If C is a positively oriented simple closed contour, use Green's formula to show that the area of the region enclosed by C can be calculated as $$\frac{1}{2i}\int_C \bar{z}dz$$
I approached this problem by writing down $\int_C zdz = \int_C (u+iv)(dx+idy)$ and applying Green's formula to get $\int \int(-v_x+iu_x-u_y+iv_y)dxdy$. I also applied Green's formula to $\int_C \bar{z}dz$ to get $\int \int(v_x+iu_x-u_y+iv_y)dxdy$.
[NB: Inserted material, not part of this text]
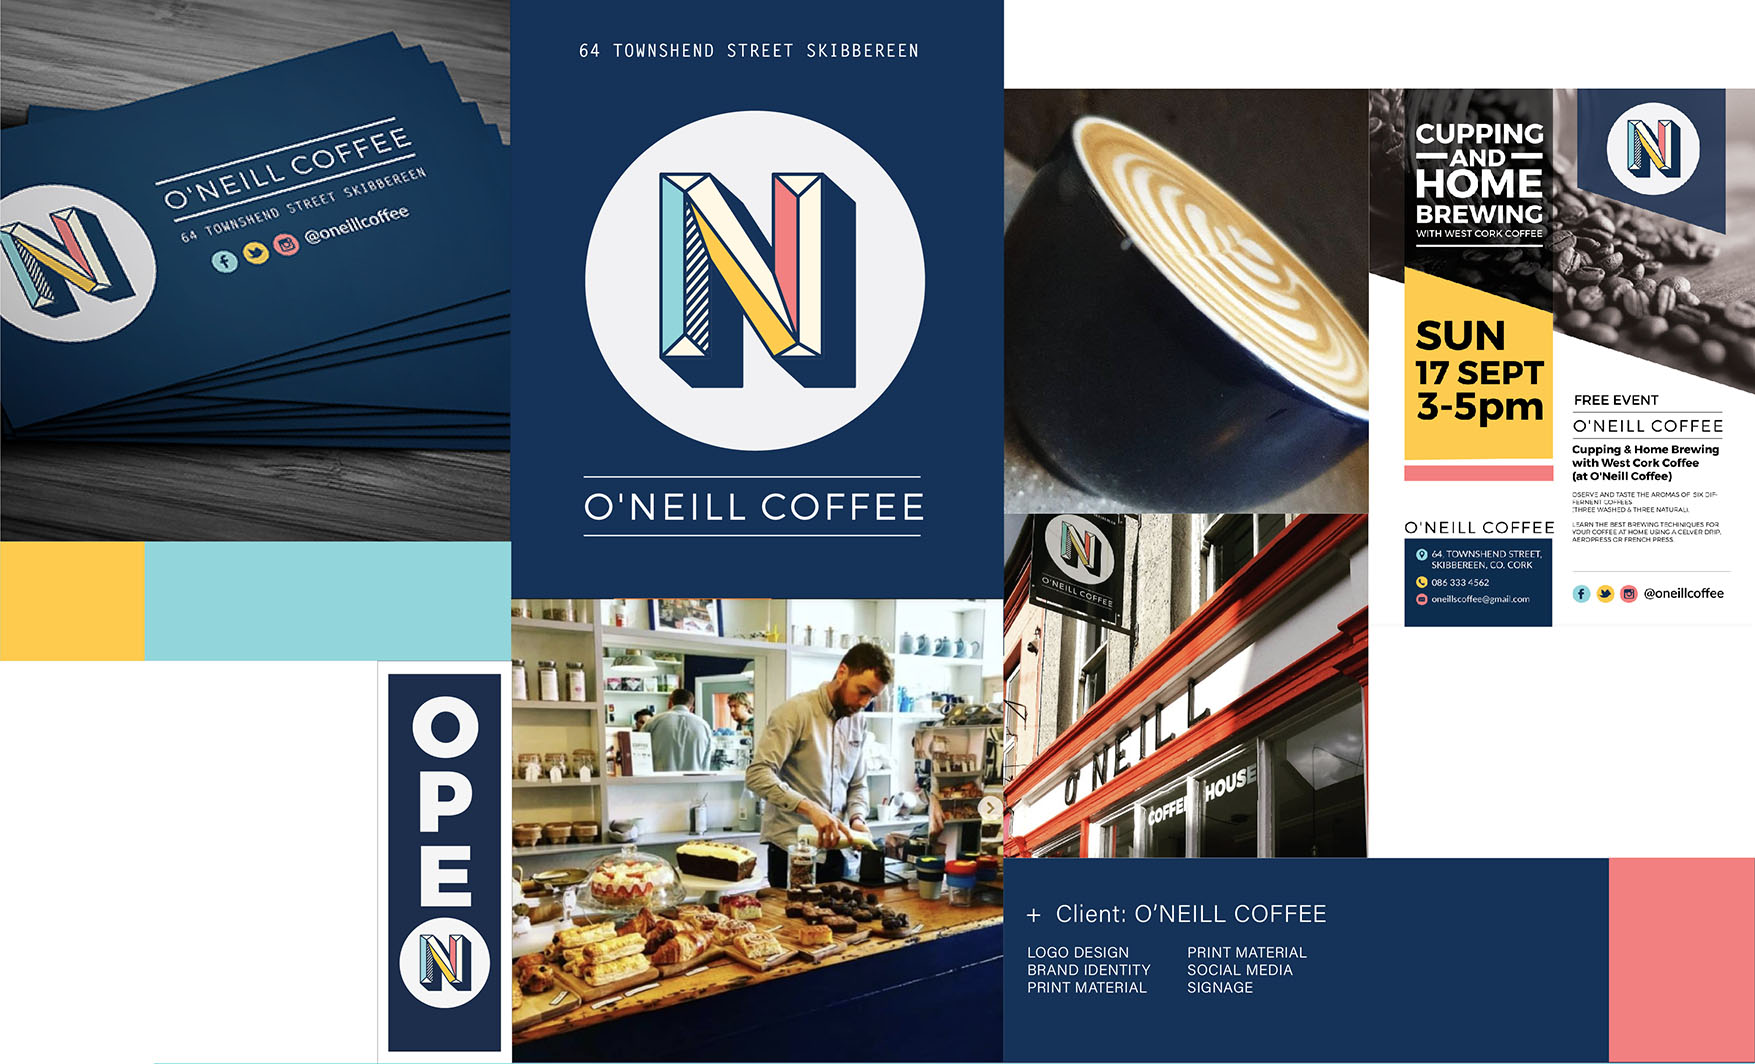 O'NEILL COFFEE

I don't see how to get from the point that I am at to $\frac{1}{2i}\int_C \bar{z}dz$.
Best Answer
We have
$$\frac{1}{2i} \int_C \bar{z}\, dz = \frac{1}{2i} \int_C (x - iy)(dx + i\, dy) = \frac{1}{2i} \int_C (x\, dx + y\, dy) + i(x\, dy - y\, dx).$$
Since $x\, dx + y\, dy$ is exact,
$$\int_C (x\, dx + y\, dy) = 0.$$
Therefore
$$\frac{1}{2i} \int_C \bar{z}\, dz = \frac{1}{2}\int_C (x\, dy - y\, dx).$$
Now if $R$ is the region enclosed by $C$, by Green's theorem, the last expression equals
$$\frac{1}{2}\iint_R \left(\frac{\partial}{\partial x} x - \frac{\partial}{\partial y}(-y)\right)\, dx\, dy = \frac{1}{2} \iint_R (1 + 1)\, dx\, dy = \text{Area}(R).$$